▶ Task to complete
Give back the exact lines of the material below from the one containing "Res: 1920x1080, Panzer IV tank wallpaper" through the one containing "die vier major", and no pictures.

▶ Data provided
╭──

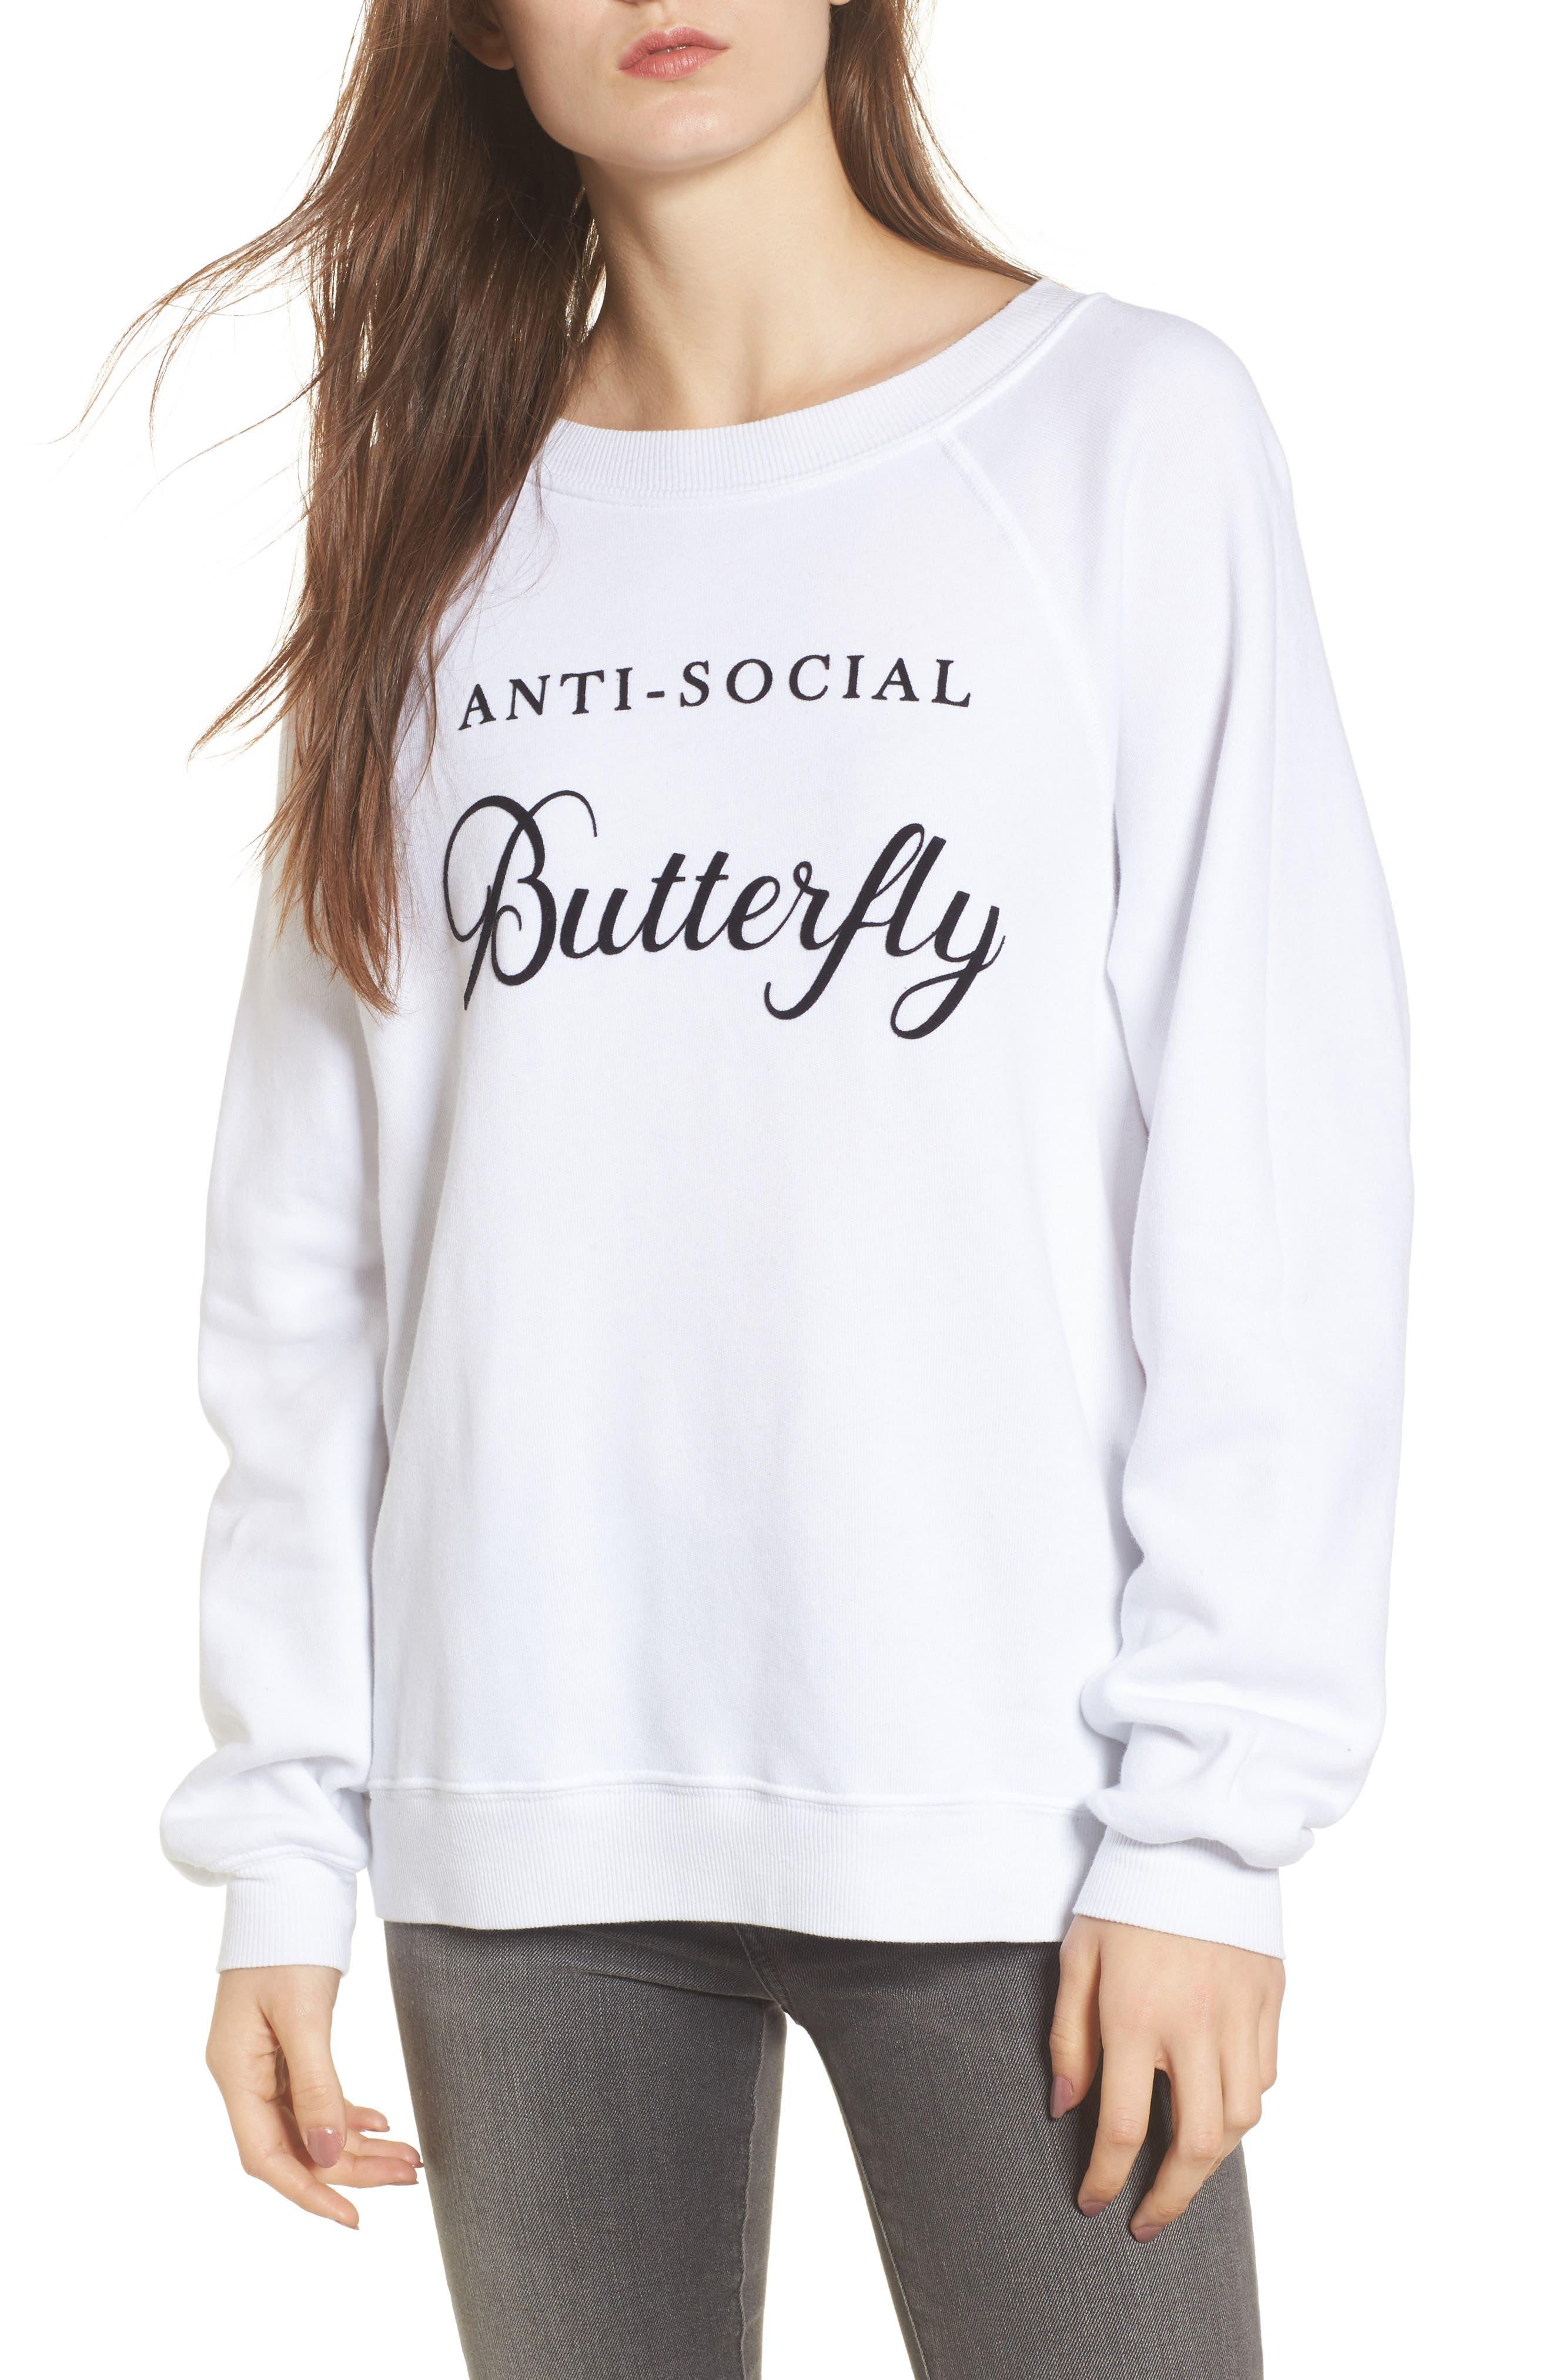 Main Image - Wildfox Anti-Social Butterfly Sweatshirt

╰──
╭──

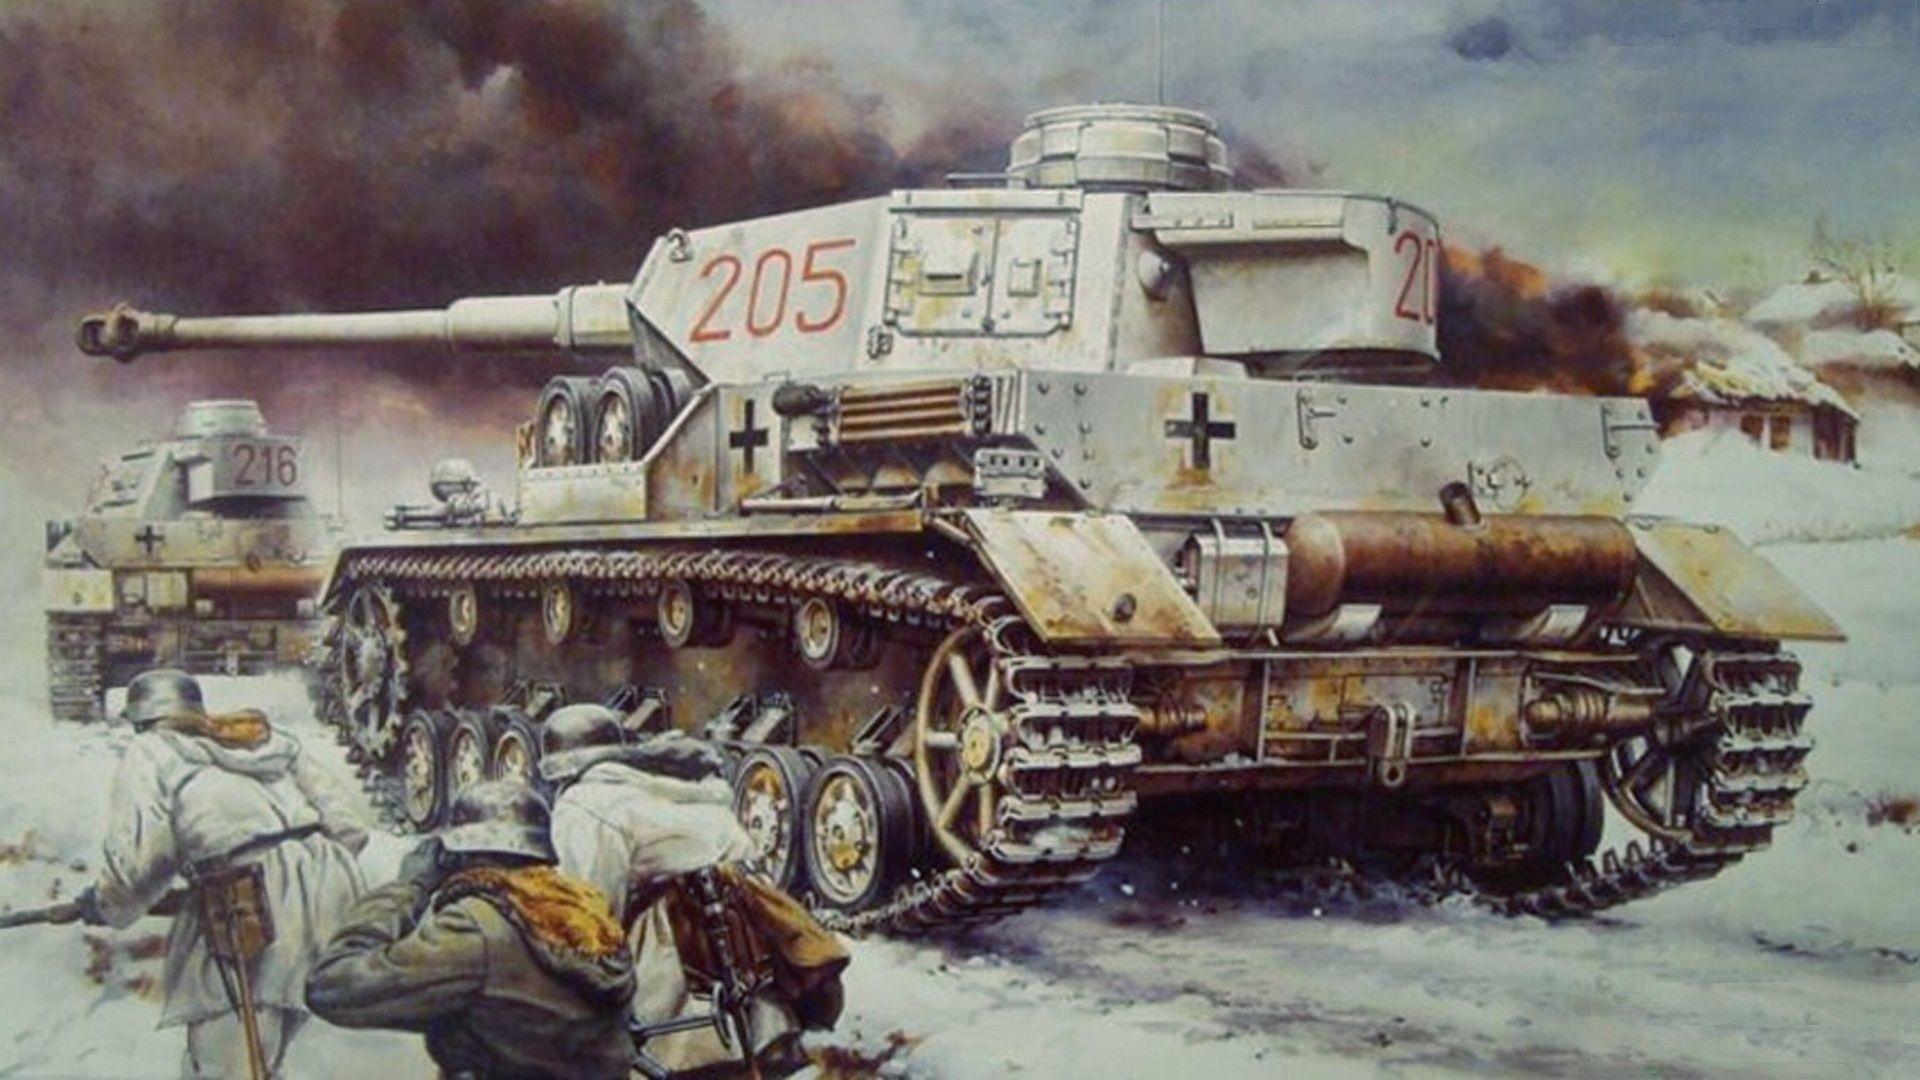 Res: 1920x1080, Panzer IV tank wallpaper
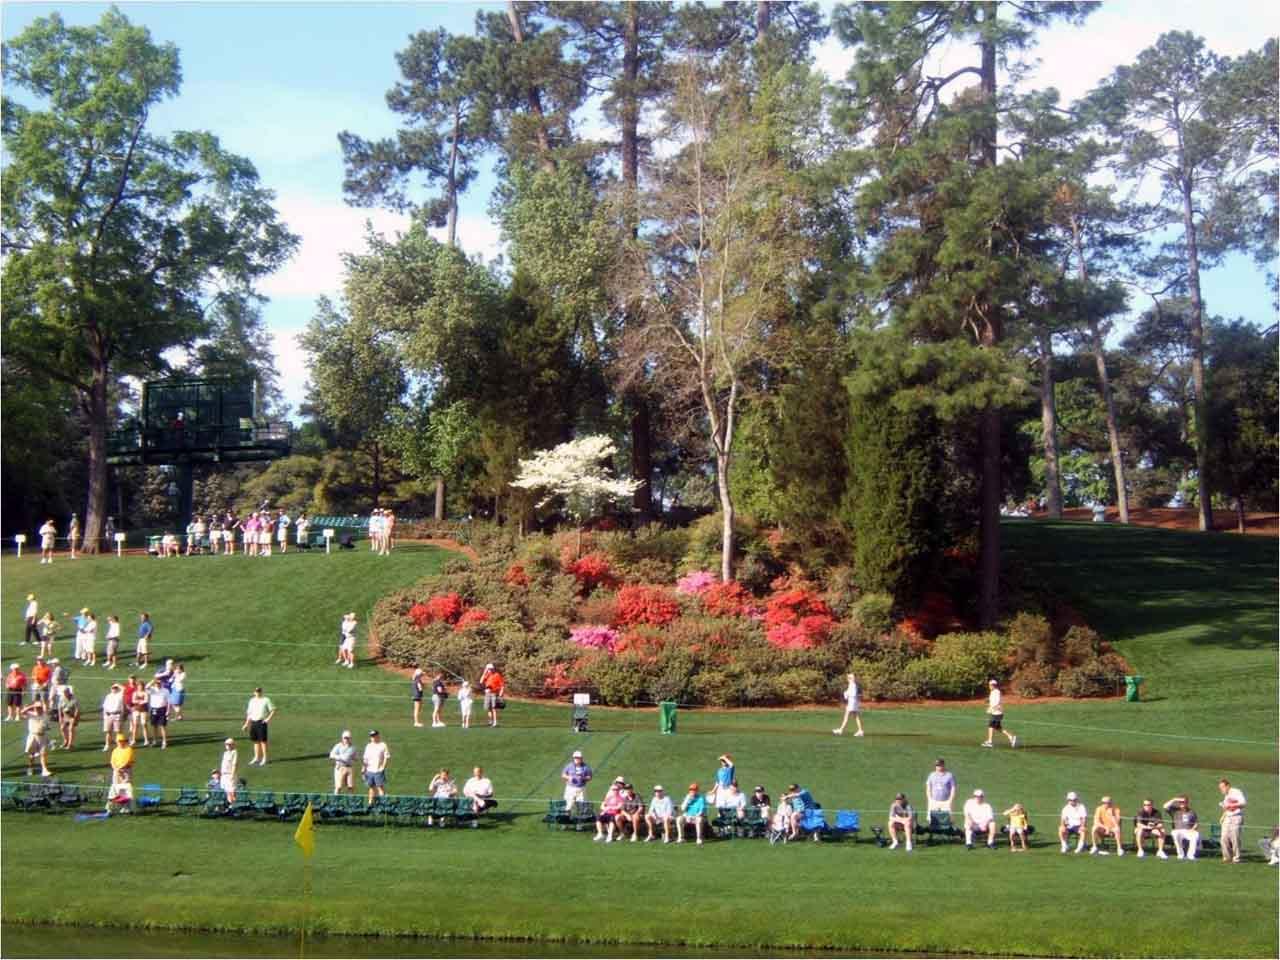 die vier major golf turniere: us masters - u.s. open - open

╰──

▶ Written response
 Res: 1920x1080, Panzer IV tank wallpaper
 die vier major golf turniere: us masters - u.s. open - open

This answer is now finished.